“Billboard” Breaks Down, Dials Up Triple-A

Al Shipley | October 9, 2008 10:00 am

Many people find it hard to tell the great from the godawful when it comes to 21st-century mainstream rock. To help figure out which is which, here’s “Corporate Rock Still Sells,” where Al Shipley examines what’s good, bad, and ugly in the world of rock and roll. This time around, he gives Billboard‘s newest radio-airplay chart, which focuses on the lighter rock offerings served up by Adult Album Alternative (or “Triple-A”) stations, a once-over:

One of the biggest rhetorical divides that distinguishes music broadcasting from visual media is the difference in accepted connotations of the word “adult.” In film and television, using that word to describe content means that something sexy and/or exciting is on the horizon, but in radio, “adult” formats are the dullest, slowest stations, programmed for the broadest, most boring possible audience. Adult Contemporary and Adult Top 40 are looked at as background music for waiting rooms, the stations where the lamest pop hits go to die. Those formats have a younger, hipper sibling–Adult Album Alternative–that splits the difference between adult contempo and modern rock stations, but it didn’t have its own Billboard chart until this summer, when the mag added Triple-A to its stable of rock airplay charts alongside the long-running Hot Modern Rock Tracks and Hot Mainstream Rock Tracks. Chris Molanphy touched on the new chart last month, but I thought I’d take a closer look since I’ll be discussing it a bit more often in the future.
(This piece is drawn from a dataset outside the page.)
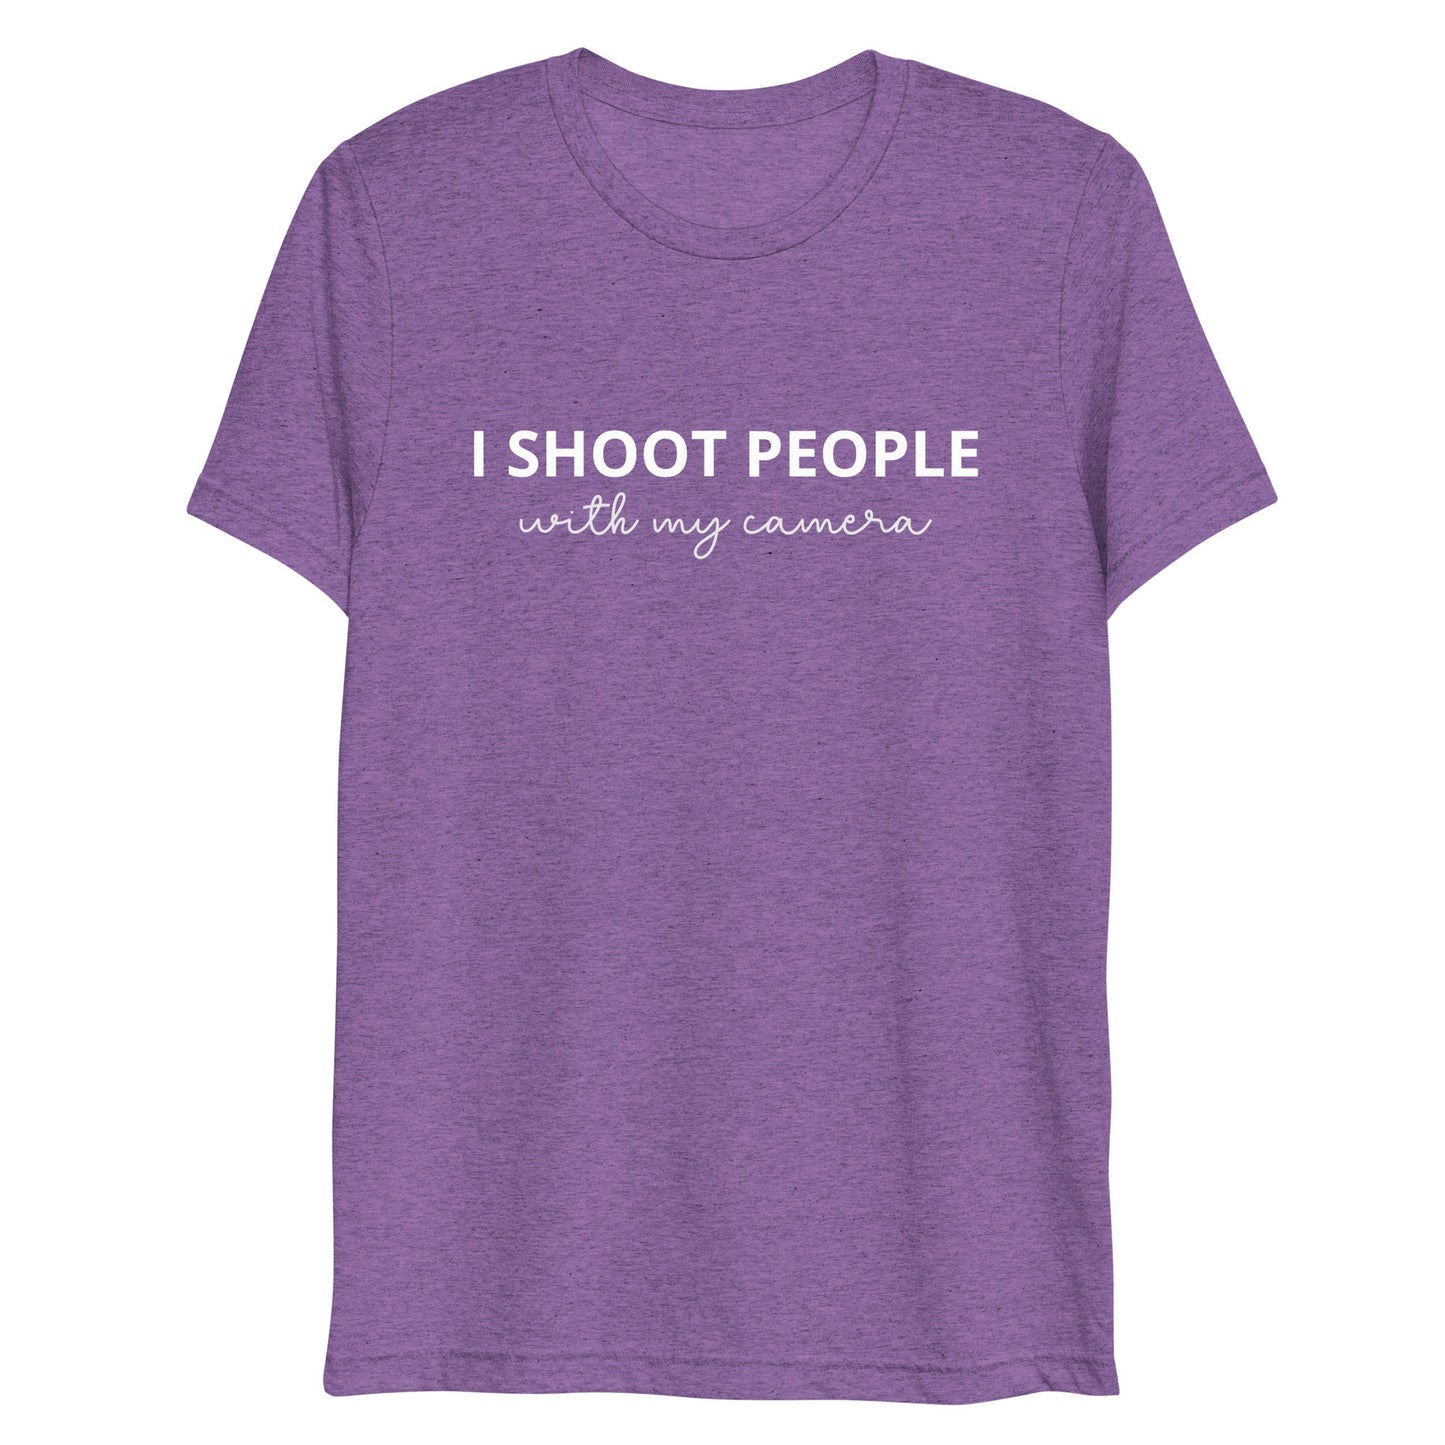 I Shoot People With My Camera T-Shirt,Photographer Shirt,Photography Gift,Studio Gifts,Photography Love Shirt,Photographer Life, Hobby Shirt, Short sleeve t-shirt - ShopJeanPhotography.com

One of Billboard’s sister publications, Radio & Records, has been publishing a Triple-A chart for years; Billboard simply appropriated the same data for its own chart, which first appeared in the July 10 issue. So while the Triple-A chart is technically only 14 weeks old, but several of its songs have been on it longer than it’s ostensibly existed, including Matt Nathanson’s 29-weeks-charting “Come On Get Higher.” The most recent available Arbitron data shows that while AAA hasn’t experienced substantial market share growth in the past decade, it’s held remarkably steady while Alternative stations have declined in listenership.

One of the things that immediately struck me about the Triple-A chart is its resemblance to the Modern Rock chart of the pre-Nirvana years: tons of singer-songwriters, bands that are a little too hip for the mainstream, and bands that are so far behind the curve that most young rock fans are so over them. In an era where the Modern Rock chart is marked by AC/DC’s first appearance and Metallica reaching unprecedented new peaks, it’s refreshing to have an alt-rock chart that filters out all the insurgent hard rock and metal elements. For the first time in almost a decade, we now have both Counting Crows and Sheryl Crow on a rock singles chart. Classic rockers with declining commercial fortunes like John Mellencamp and the Pretenders are sharing space with young bands from the MOR end of the indie rock spectrum like My Morning Jacket and The Hold Steady.

Since Modern and Mainstream are both top 40 charts, it’s always been easy to measure how many songs they have in common (the average is around 50%). Triple-A will be a little harder to triangulate, since it’s only top 30, but the crossover is pretty minimal. It currently shares no songs with Mainstream Rock, and only “Cath…” by Death Cab For Cutie, “Take Back The City” by Snow Patrol, and two Coldplay hits with Modern. But that’s not taking into account the fact that several songs have been hitting both charts at different times. Bush frontman Gavin Rossdale’s “Love Remains The Same” was a blip on Modern Rock months ago, but it’s been a solid performer on Triple-A.

And then there are the getting airplay on both Modern Rock and Triple-A with completely different songs. R.E.M.’s up-tempo “Supernatural Superserious” was a moderate Modern hit, but the lighter, piano-driven “Hollow Man” is all over Triple-A; Beck has “Gamma Ray” on the former and “Orphans” on the latter. And while the Raconteurs charted with two singles from their latest album on Modern Rock, it’s a non-single, the rootsy “Old Enough,” that’s getting all the Triple-A love. Just for the novelty of it, I’ll be very curious to see what song, if any, will be the first to appear on all three rock charts; my best guess is that it’ll depend on whether U2 or the White Stripes releases a new album sooner. But then, if one of those bands releases a single hard enough for Mainstream Rock, I would be surprised if Triple-A stations skip straight to playing a mellower deep cut instead.